Welcsh P L, Schubert E L, King M C
Department of Medicine, University of Washington, Seattle 98105, USA.
Clin Genet. 1998 Dec;54(6):447-58. doi: 10.1111/j.1399-0004.1998.tb03764.x.
A role for BRCA1 and BRCA2 in the control of genome integrity easily fits a tumor suppressor model. It is well established that mutations in DNA repair genes lead to genomic instability (138). Genomic instability may directly lead to tumorigenesis by allowing for the accumulation of mutations in key cell cycle regulators (139). The studies summarized here suggest that BRCA1, BRCA2, RAD51. and BARD1 function as a biochemical complex. This complex apparently plays a role in one or more of the DNA damage response pathways. Experimental data suggest that BRCA1 and BRCA2 function as regulators of transcription. These observations highlight some of the fundamental questions that remain to be addressed in the study of the biology of these genes. Are the DNA repair and transcriptional regulatory functions of BRCA1 and BRCA2 related? BRCA1 and BRCA2 may maintain the integrity of the genome by regulating expression of genes directly involved in this process. Alternatively, if the functions are not related, which is required for suppression of tumorigenesis? Researchers also are grappling with another paradox. If BRCA1 and BRCA2 are ubiquitously expressed, why do mutations in BRCA1 and BRCA2 lead specifically to tumors primarily of the breast and ovary, as well as a limited number of other tissues to a lesser degree? Nothing to date has been revealed that would explain how alteration of the transcriptional regulatory function and or the DNA repair function ascribed to BRCA1 and BRCA2 would result in tumor specificity as both of these functions are essential to a broad spectrum of tissues. It is possible that BRCAI and BRCA2 may regulate genes expressed only in the breast and ovary. Similarly, there may be unidentified BRCA1 and BRCA2 co-factors that are active only in the breast and ovary and, therefore, are critical to tumorigenesis. All breast cancer is genetic, although only a small fraction of cases are attributable to inherited genetic predisposition. Most breast cancer is due to genetic alterations that are specific to breast epithelial cells, many of which remain unknown. Integration of genetic approaches into research designed to elucidate biological pathways of breast cancer tumorigenesis will ultimately lead to new information critical to the development of new tools for the diagnosis and treatment of disease.

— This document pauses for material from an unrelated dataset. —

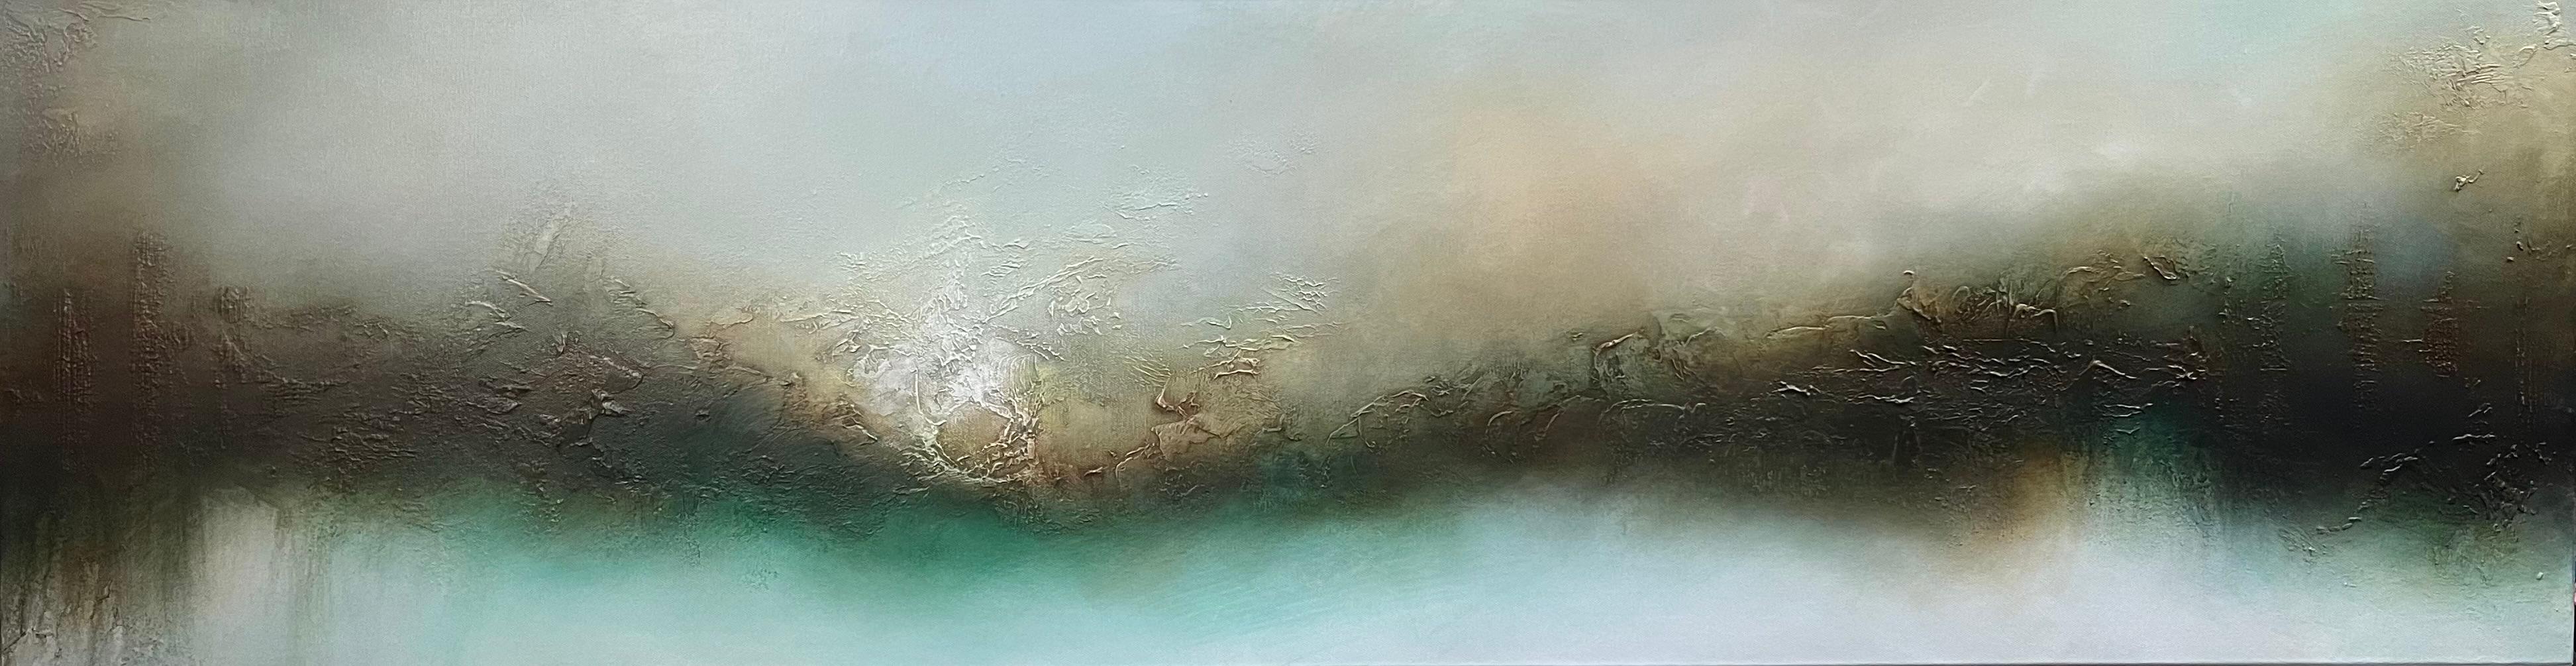 Encompassing-abstract landscape painting- original mixed media seascape artwork

BRCA1和BRCA2在控制基因组完整性方面所起的作用很容易符合肿瘤抑制模型。众所周知,DNA修复基因的突变会导致基因组不稳定(138)。基因组不稳定可能通过使关键细胞周期调节因子中的突变积累而直接导致肿瘤发生(139)。这里总结的研究表明,BRCA1、BRCA2、RAD51和BARD1作为一种生化复合物发挥作用。这种复合物显然在一个或多个DNA损伤反应途径中起作用。实验数据表明,BRCA1和BRCA2作为转录调节因子发挥作用。这些观察结果突出了在这些基因生物学研究中仍有待解决的一些基本问题。BRCA1和BRCA2的DNA修复和转录调节功能相关吗?BRCA1和BRCA2可能通过调节直接参与这一过程的基因的表达来维持基因组的完整性。或者,如果这些功能不相关,抑制肿瘤发生需要哪一种功能?研究人员也在努力解决另一个矛盾。如果BRCA1和BRCA2普遍表达,为什么BRCA1和BRCA2的突变主要导致乳腺和卵巢肿瘤,以及在较小程度上导致少数其他组织的肿瘤?迄今为止,没有任何发现能够解释归因于BRCA1和BRCA2的转录调节功能和/或DNA修复功能的改变如何导致肿瘤特异性,因为这两种功能对广泛的组织都是必不可少的。有可能BRCA1和BRCA2可能调节仅在乳腺和卵巢中表达的基因。同样,可能存在仅在乳腺和卵巢中活跃、因此对肿瘤发生至关重要的未被识别的BRCA1和BRCA2辅助因子。所有乳腺癌都是遗传性的,尽管只有一小部分病例可归因于遗传易感性。大多数乳腺癌是由于乳腺上皮细胞特有的基因改变,其中许多仍然未知。将遗传学方法整合到旨在阐明乳腺癌肿瘤发生生物学途径的研究中,最终将产生对开发疾病诊断和治疗新工具至关重要的新信息。